The workflow for a metagenomics is fairly straightforward and is easily implemented in molecular biology laboratories. Several studies have been published recently that outline well many of the steps required when undertaking a microbiome study (19–23). A brief overview of the key steps for a metagenomics experiment is given here and is outlined in Figure 1.

FIGURE 1

Figure 1. Overview of a metagenomics experiment from sample preparation to analysis. There are a number of key steps in a metagenomics experiment that require attention as they will influence the final results. Considerations on DNA extraction method and contamination issues are very important at the sample preparation stage. At the sequencing stage, the main consideration is read depth and pilot experiments are recommended for this. Analysis can be quite complex and will vary depending on the research or clinical question. Essentially, following quality control, analysis can be done at the contig level, i.e. following metagenome assembly, or directly at the read level.

2.1. DNA Extraction

The first step in a metagenomics experiment is the same as any other culture-independent method and that is to extract the DNA from the sample. Unfortunately, sample extraction gets little attention relative to other aspects of the workflow, yet can have a significant impact on outcome. A recent evaluation of extraction protocols from two major microbiome initiatives, the Human Microbiome Project (HMP) and metaHIT, revealed differences in the distribution of bacterial taxa as well as differences in gene composition based on which protocol the fecal samples were extracted with (24). Such differences are thought to arise in part from differential lysis due to cell wall composition (24) and will likely be even more pronounced for analysis that wish to evaluate a multi-kingdom microbiota that would include fungi. Therefore choice of extraction protocol is an important first step and will influence downstream results. Preliminary or pilot studies may choose to include a few different protocols to evaluate. For clinical applications, rigorous and systematic evaluation of different protocols for different tissues will no doubt be a key component of implementing a metagenomics workflow.

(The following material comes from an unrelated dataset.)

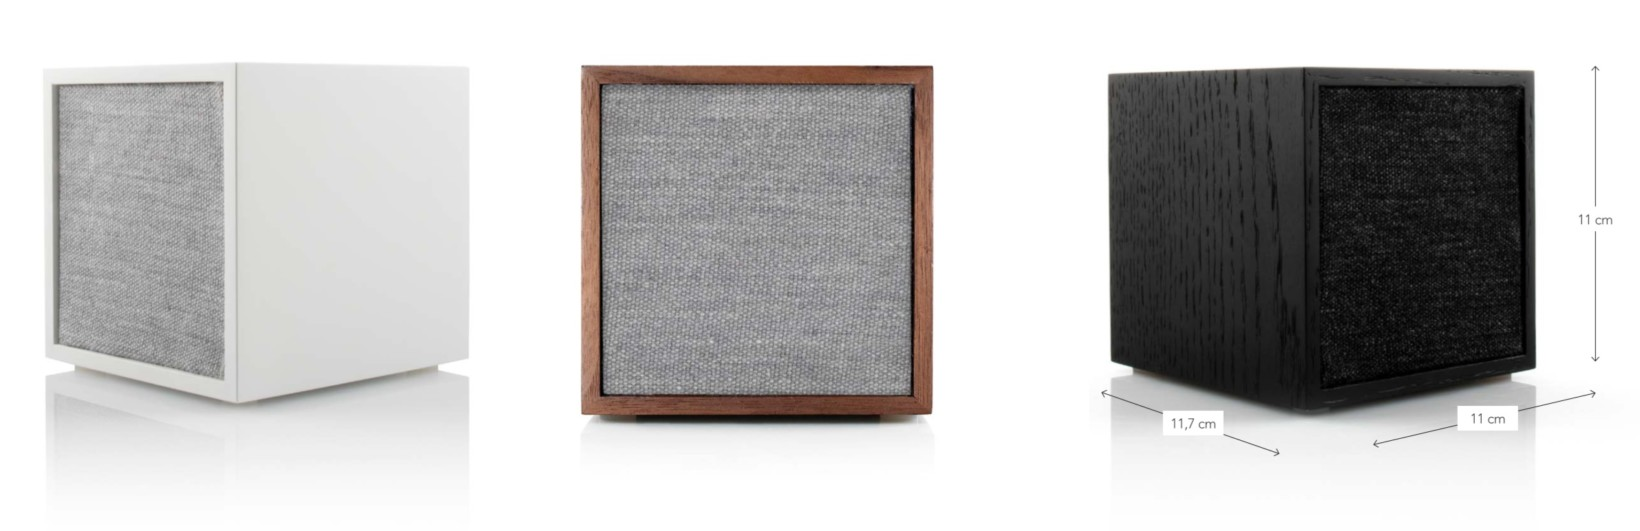 tivoli-audio-art-cube

To improve the detection of target organisms, sample preparation can also include steps to enrich target sequences or remove un-wanted sequences. For example, detection of viruses can be improved by filtering out cellular material (25). Human DNA can be removed using laboratory methods to increase the amount of DNA coming from target sequences, although this often leaves small amounts of DNA remaining and requires newer kits to prepare the sequencing library (23).

2.2. Kit Contamination and Batch Effects

It is worth discussing in brief some recent work that has looked at the microbiome components that can be identified within the reagents and buffers of many commercial DNA extraction kits (26). The authors of this study sequenced the components of commonly used DNA extraction kits and demonstrated that contaminating DNA in these kit could significantly confound both 16S gene sequencing and metagenomics results, particularly low biomass samples. They went on to analyze a previously published study (27) demonstrating that the main finding in that study was completely confounded by which lot the extraction kit was from. Once the contaminating sequences were removed, the most significant feature of the data disappeared. Clearly batch effects are key issue for metagenomics studies, yet not often considered when designing these experiments. For example, a recent primer in cell (20) neglects to even mention batch effects, although the authors do include a section on potential contamination. Batch effects are widespread within high-throughput genomics experiments (28), and ameliorating and dealing with batch effects should be a key priority for any metagenomics experiment. Salter et al. (26) provide some recommendations (summarized in Figure 1), which mainly include sequencing reagent blanks as well as processing samples randomly if they need to be processed in multiple batches.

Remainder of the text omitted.